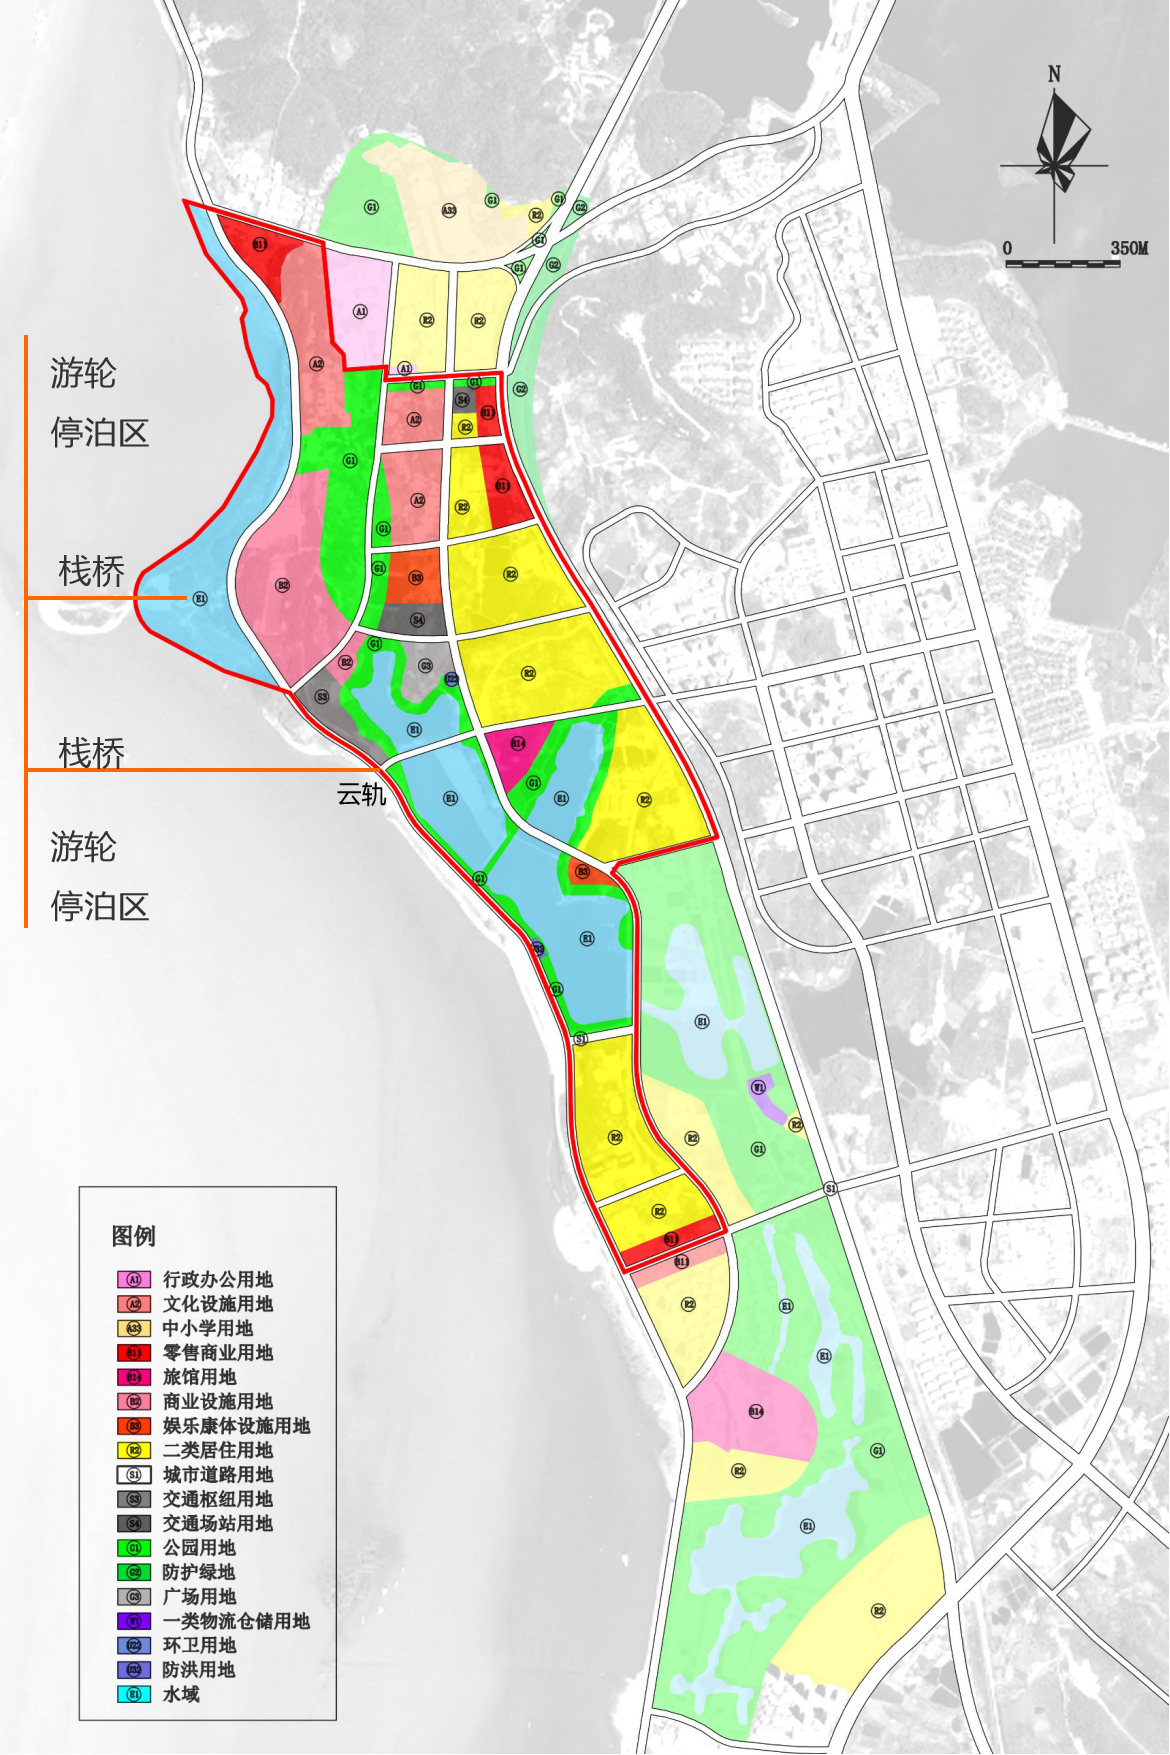 洞庭湖邮轮母港公园概念规划
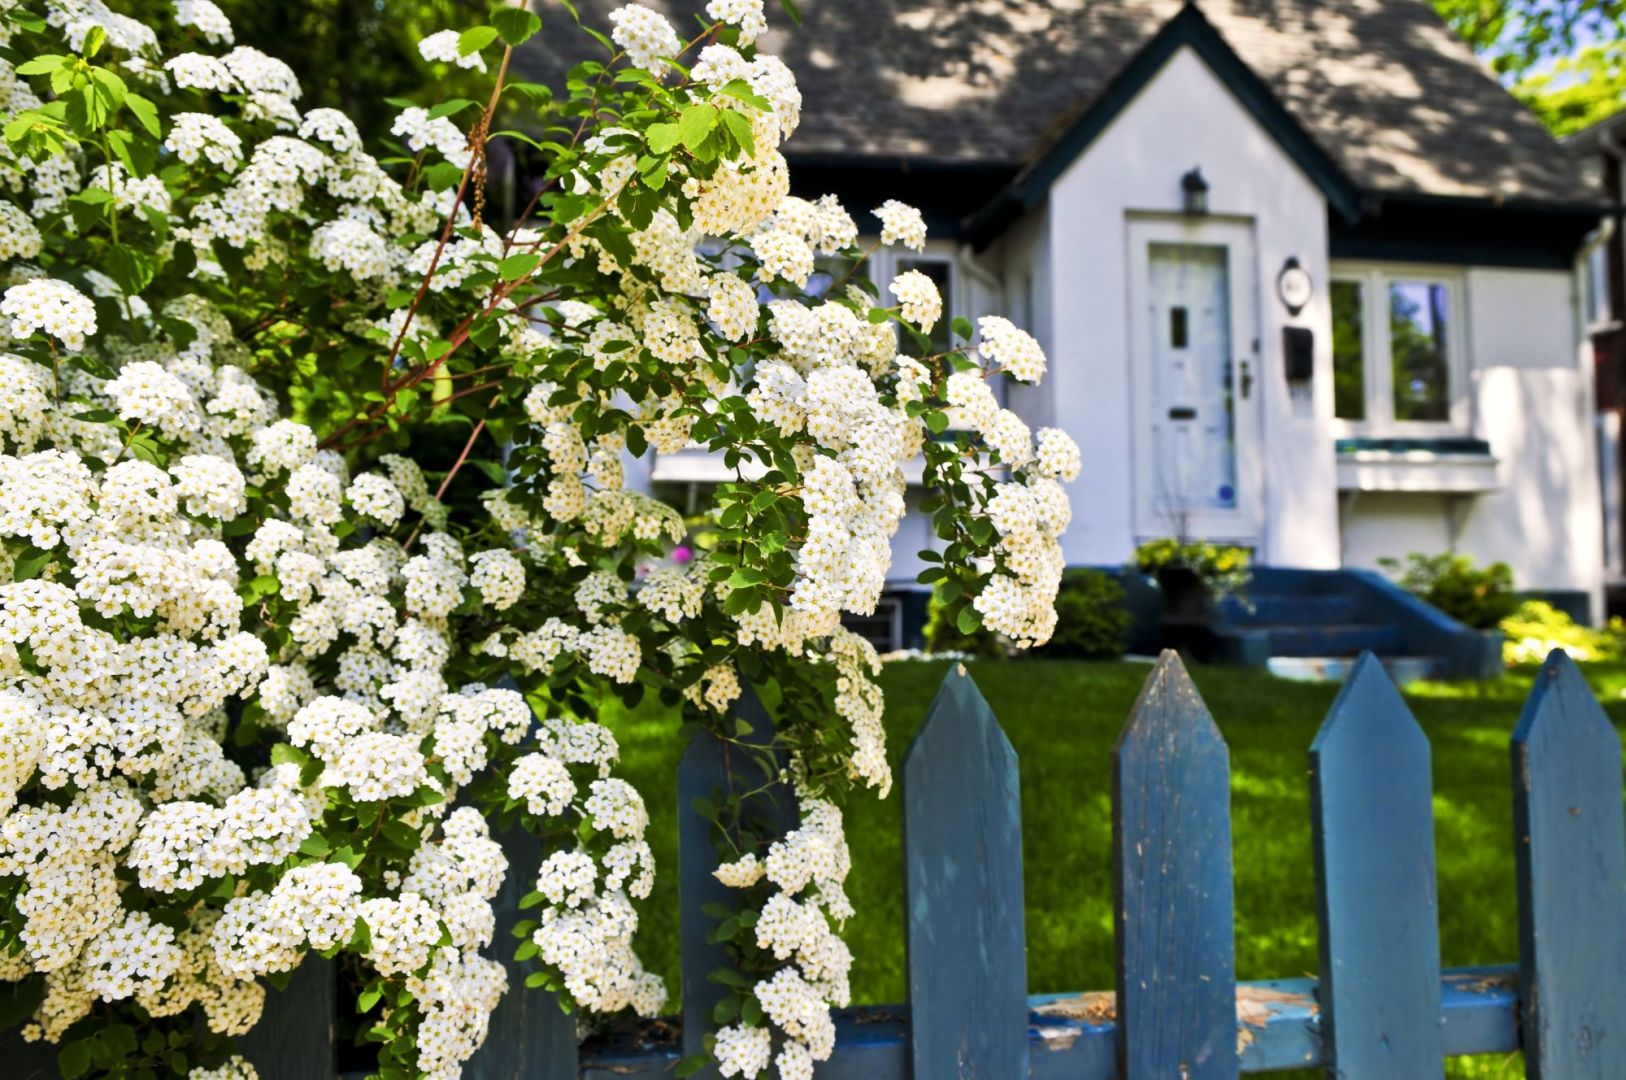 Polskie ogrody - zobacz jak je urządzono. Fot. Shutterstock
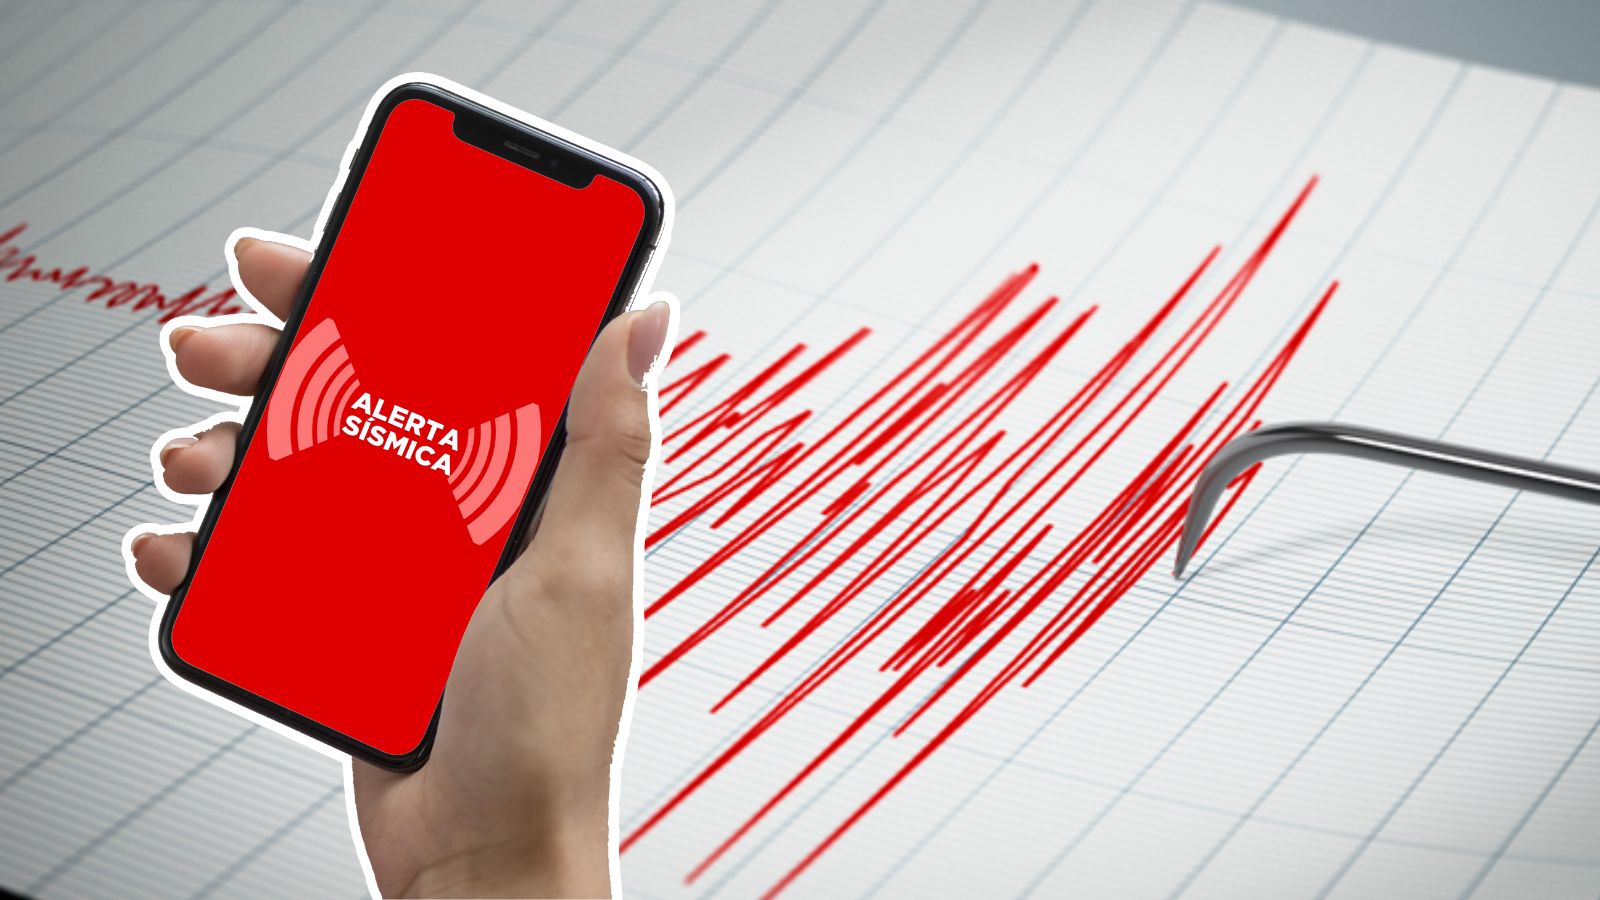 Alerta sísmica en celulares llega en marzo a México
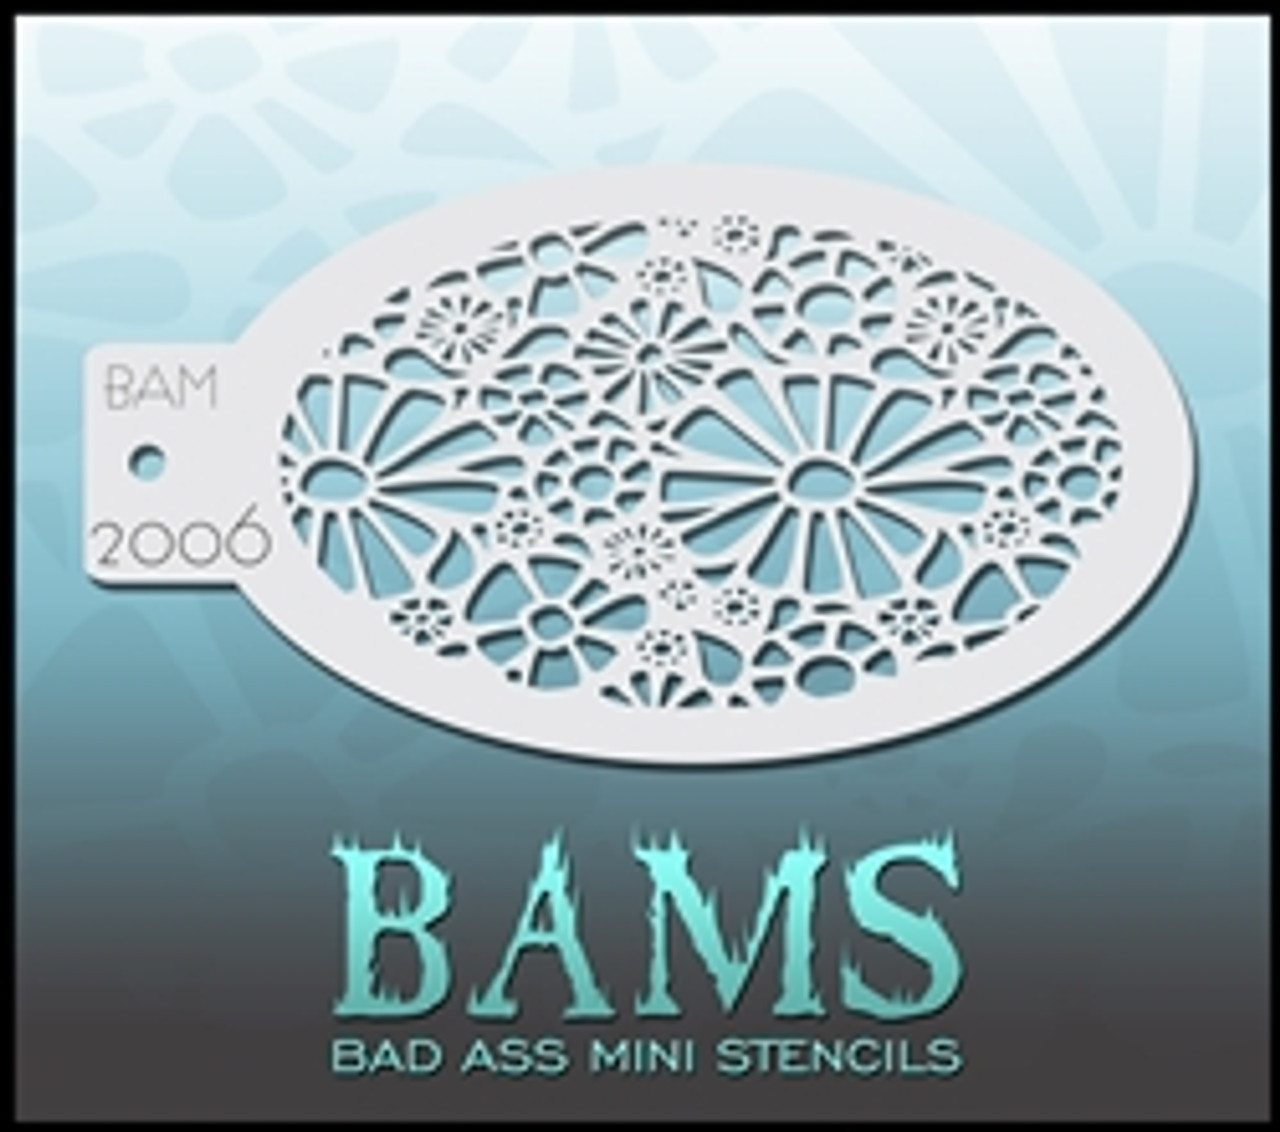 2006 Bad Ass Mini Stencil

--------------------------------

### Exercise:
Exact reproduction is required for the lines from the one containing "Polskie ogrody - zobacz" through the end of the material, and for those lines only, without pictures.

### Written answer:
 Polskie ogrody - zobacz jak je urządzono. Fot. Shutterstock
 Alerta sísmica en celulares llega en marzo a México
 2006 Bad Ass Mini Stencil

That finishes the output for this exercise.